1. "5 More Minutes," Mull Historical Society. Please, please, please listen to this song, because you will love it more than you can even imagine.
2. "Do You Want To," Franz Ferdinand. We tire of the ambiguous sexuality but we adore the Dior Homme.
3. "Fit But You Know It," The Streets. This song is like the "Ignition" of last summer, but British, and sort of funnier, though "Ignition" was pretty funny, because doesn't R. Kelly, like, piss on people?
4. "Apocalypse Please," Muse. Oh, we wish we could be this sincerely operatic.
5. "I Bet You Look Good on the Dance Floor," Arctic Monkeys. We hate to dance. This makes us think we might like to dance.


III. TV
All we will say is: Season. Finale. Extras. Funniest ever. Not The Office Xmas special, but excellent, and when Maggie finally cleans her apartment, we wept for her. And us. And our own bedraggled apartment.

November 01, 2005

Holiday Cards, The Return


Holy shit, it's November. When did that happen? Seriously, yesterday it was beautiful and warm and summery. Now it's not. Grarhghggh.

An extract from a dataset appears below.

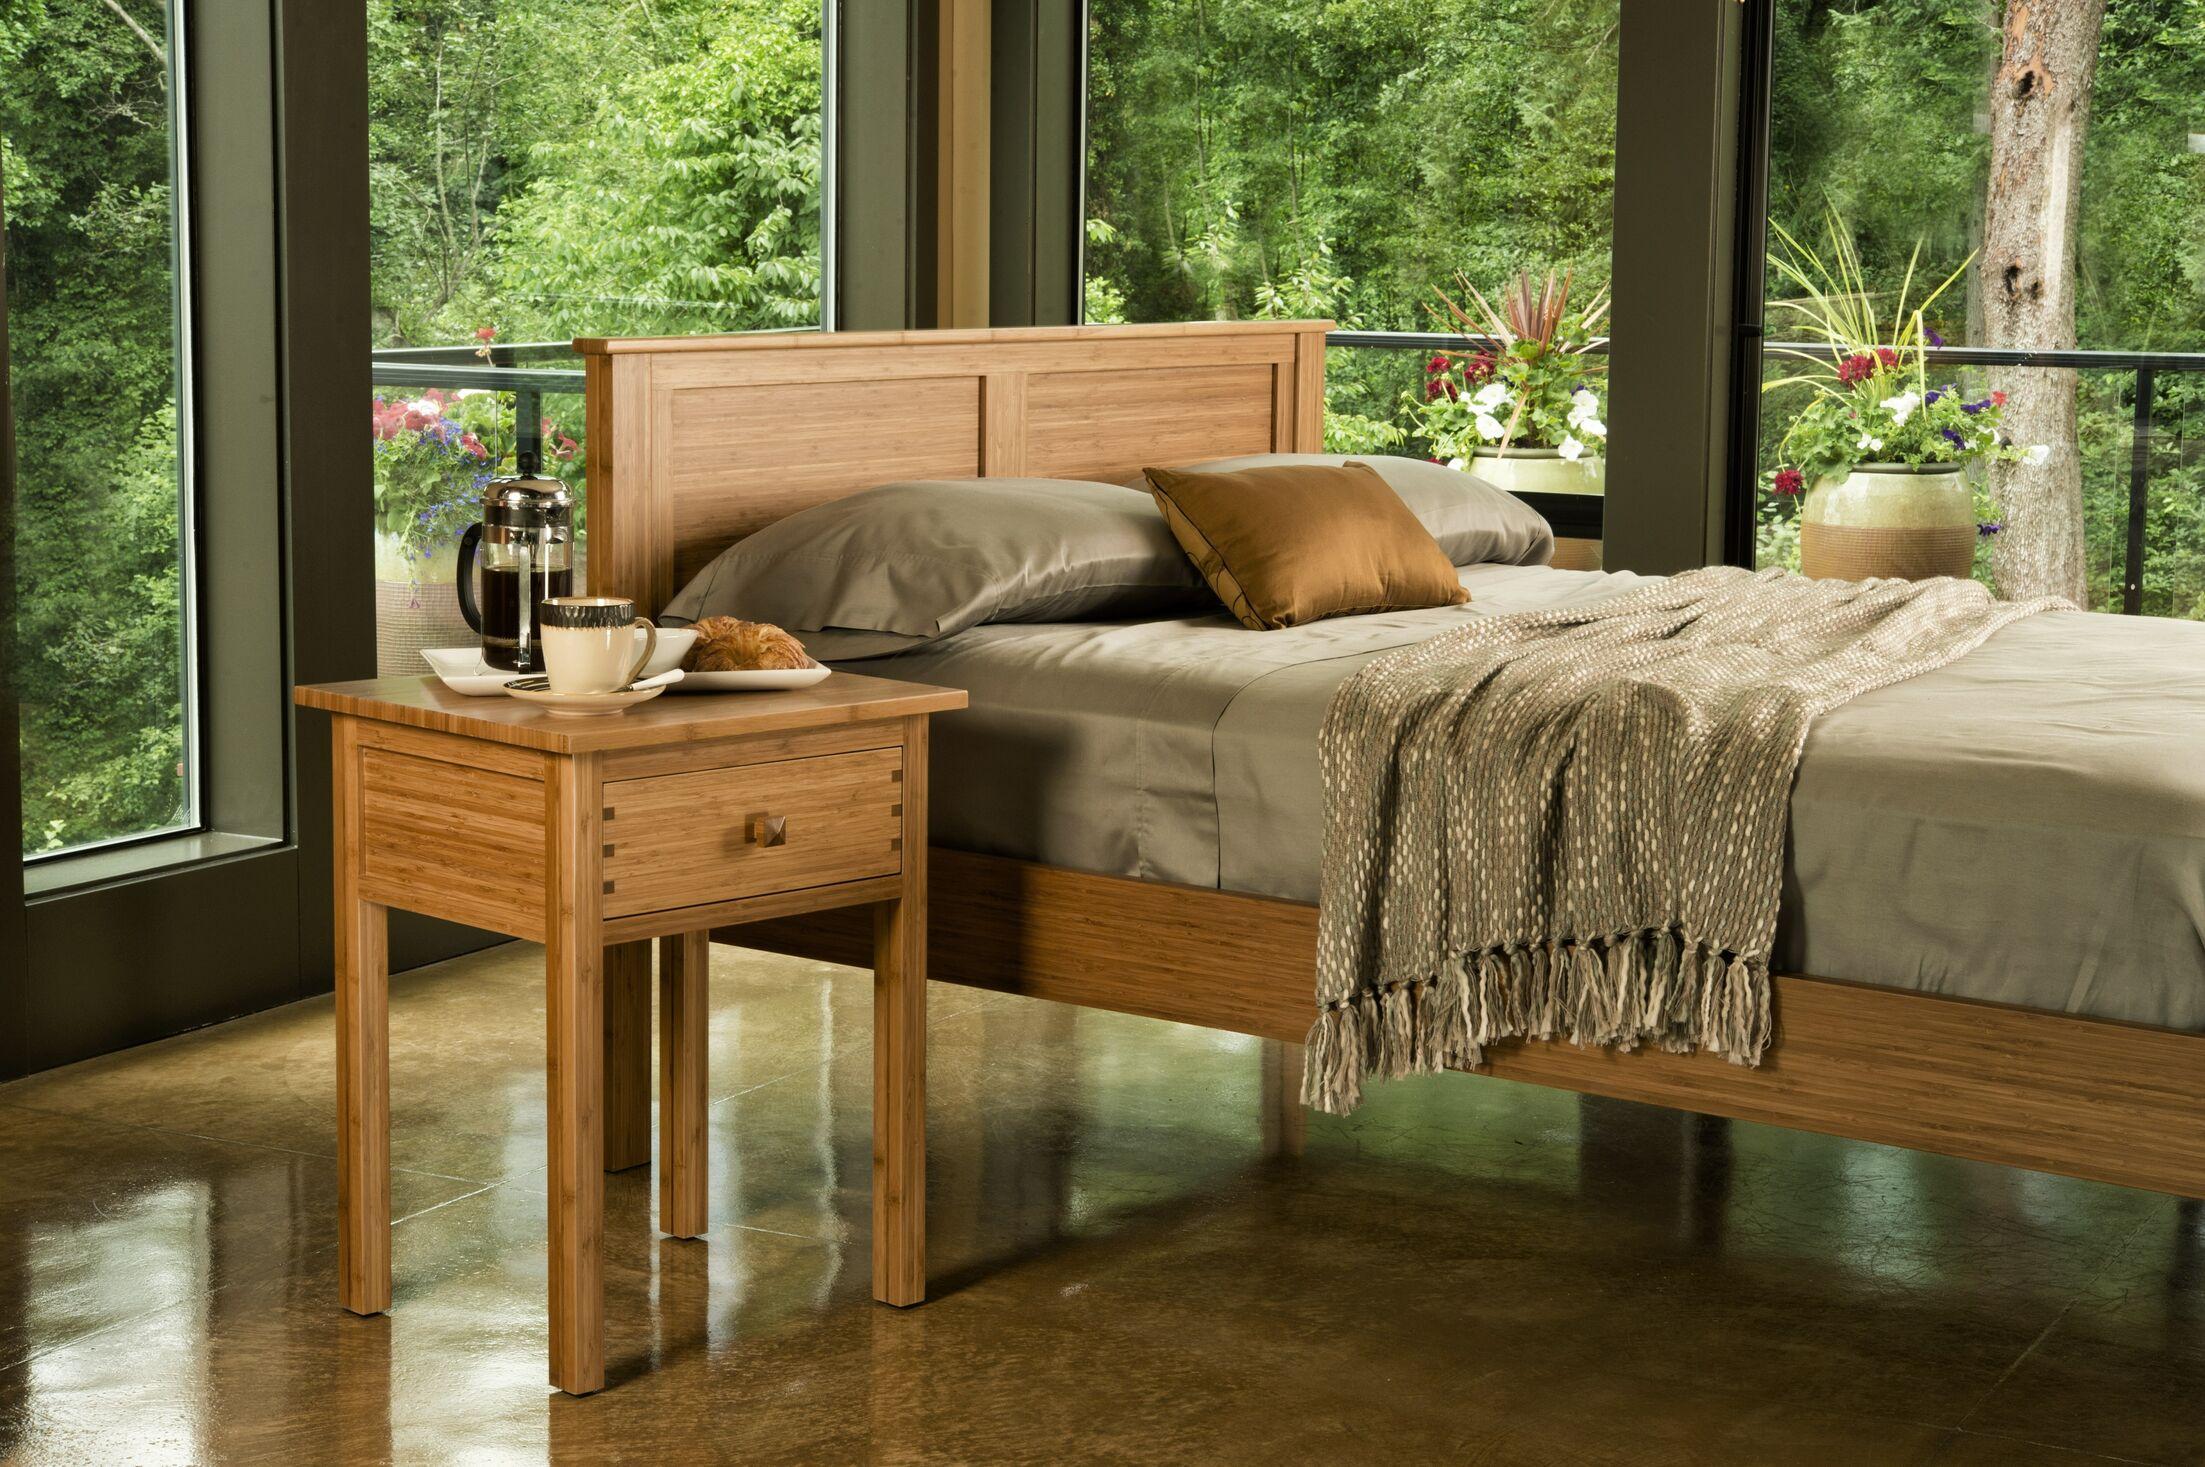 Hosta Platform Bed Size: King, Color: Natural

In addition to the crap weather, endless air travel trips (have we mentioned our Sudoku friend on our last flight ("That's not an 8, that's not an 8, that's not an 8," X six hours) who made us want to commit some seppuku, which is way more Japanese than we ever expected to encounter today), and bizarre extended family members asking us what we do for a living, November means that it's time to buy holiday cards. We will buy two dozen, write one, mail none, and that will be it, and it will be January, and we can go back to dreaming about summer. In the meantime, holiday cards.

Pop-up. Celebrate the season, indeed. Celebrate, tss. We'll celebrate when there's a season for buying ourselves as many things as possible. It's like Toys R Us and all these corporate stores somehow found this way to enact this God-mandated commandment that we buy all this shit from their stores. Seriously, it's fucked up. These cards cost more than $2 each, btw. And we still want them. It's like we don't mind we're being brainwashed. It's like we're ... Katie Cruise! $18.95 for 8.


Ha! These are awesome. Reindeer! $11 for 20.


These are also awesome, because they have that whole barely-English-speaking "Happy Merry Christmas" vibe, and for ass-y trend addicts, you can match to your Murakami Louis Vuitton. The super-best thing is that this page also offers the opportunity to "click to Japanese cute explosion!" $15.95 for 8.


Stickers! Making holiday cards attractively interactive. Stickers! This whole holiday thing, it's kind of like dating that guy you're supposed to be in love with, but you're not, exactly, but you're not not, either, so you're just sort of like ... stickers! Irritating. $15.95 for 6.


Green stripes, very mod. Not as exciting as Jarhead, which we are so excited about, but much more exciting than, say, The Hulk coming to TNT. The ribbon is a nice touch. $36 for 20


This picture is tiny, but those blue designs there should clearly be snowflakes. Snowflakes, so appropriately non-denominational. Seriously, one of these days we're just going to get gilt-edged Jesus cards. So we can be just like our evangelical extended family members, who like to ask what we do for a living and then try to figure out if they make more or less then we do. $16, tho, bizarrely, they do not note how many those sixteen dollars gets you.